There are two basic communications levels at which encryption can be performed. With end-to-end encryption (sometimes called off-line encryption), a message is encrypted when it is transmitted and is decrypted when it is received. The network may not even need to be aware that the message is encrypted. This type of encryption may sometimes be selected as an option by the user. The message remains encrypted through the entire communications process, from start to finish. This has the advantage of not depending on secure waypoints at every stage in the message path. This is the principle used by tunnel-style message encryption systems such as SSL, or TLS as it is known today.

With link encryption (sometimes called online encryption), a message is encrypted when it is transmitted, but is decrypted and then encrypted again each time it passes through a network communications node. The message may therefore be encrypted, decrypted, and reencrypted a number of times during the communications process, and the message is exposed within each node. With link encryption, the encryption is performed just before the message is physically transmitted. Encryption is typically invisible to the user; it is simply part of the transmission process.

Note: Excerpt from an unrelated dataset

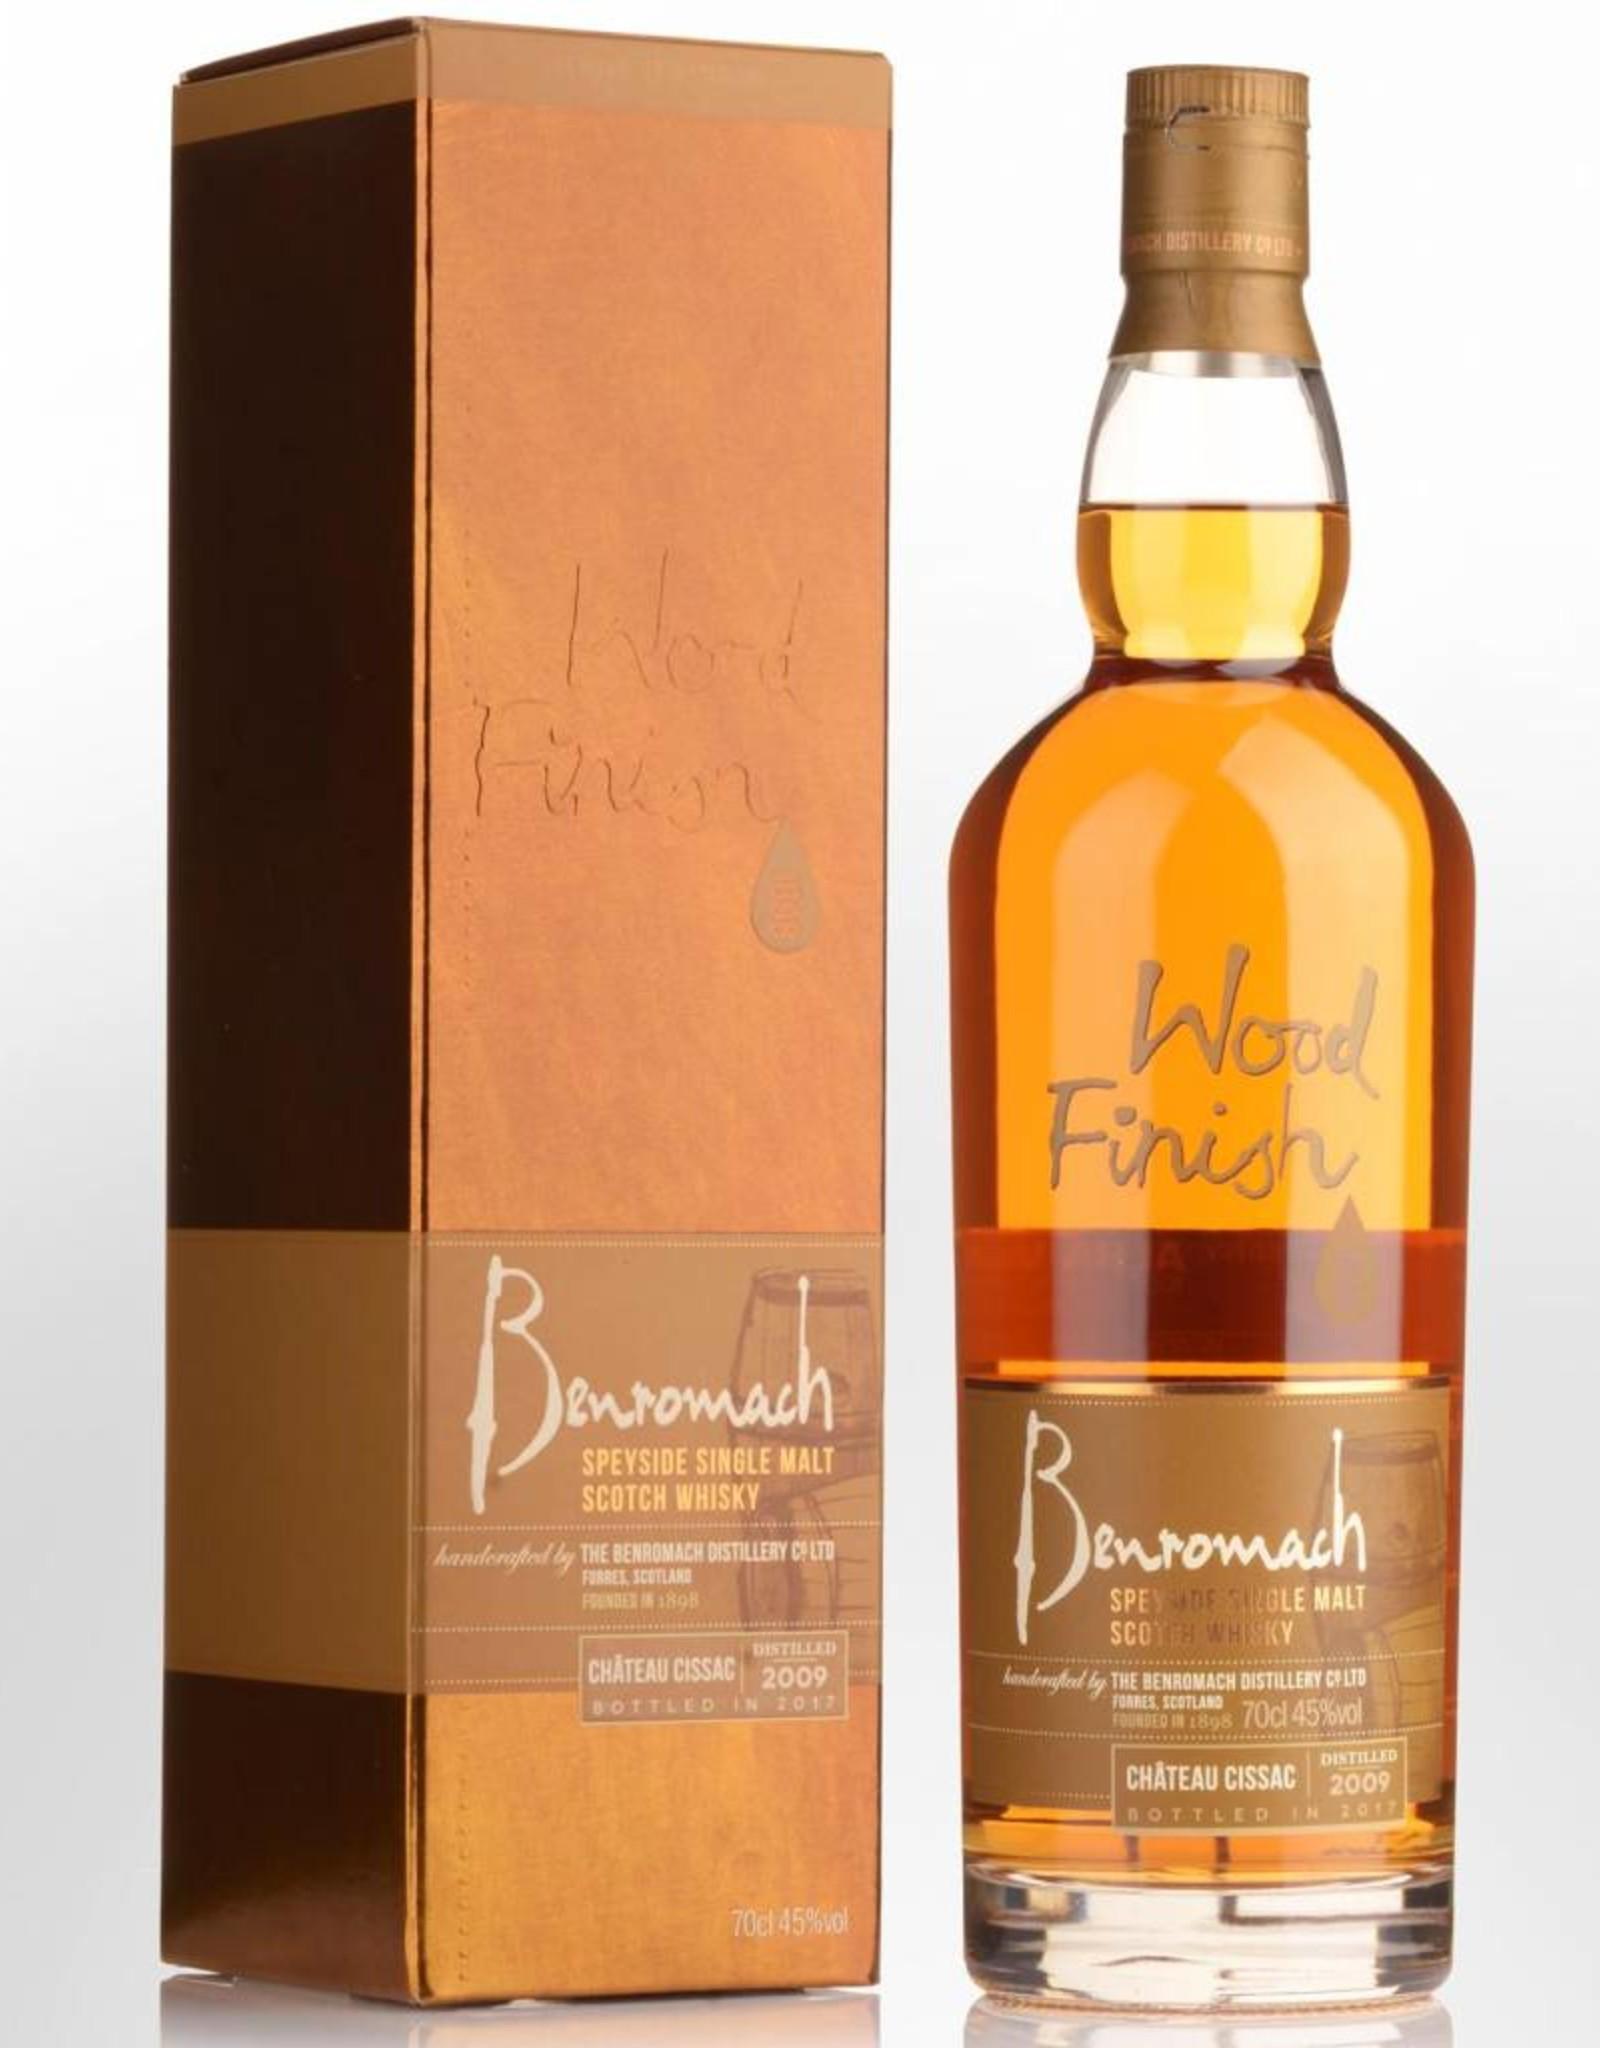 Benromach Chateau Cissax 2009, Whisky, 45%, 700 ml

There are advantages and disadvantages to each method of encryption. Advantages of end-to-end encryption are as follows:

  • It is more flexible; the user may be able to encrypt only certain information, and each user can have a distinct key.

  • It makes key management and distribution easier.

  • It protects data from start to finish through the entire network.

  • It is more efficient; the network doesn't need to have any special encryption facilities.

Disadvantages of end-to-end encryption are as follows:

  • It may need to process some information (e.g., headers and routing information) in unencrypted form.

  • Each system needs to be able to perform the same kind of encryption.

  • It only secures the contents of a message, but does nothing to hide the fact that a message transmission has taken place.

Advantages of link encryption are as follows:

  • It is easier; the user doesn't need to take any action.

  • It is more convenient in a network that provides many nodes.

  • It doesn't compromise the entire network if a single key is compromised. Each pair of network nodes can use a distinct key.

  • It encrypts all information, including headers and routing information.

Disadvantages of link encryption are as follows:

  • Key distribution and management are more difficult because all nodes in the network must receive a key.

  • There are more points of vulnerability because the message is reduced to its original form several times along its path.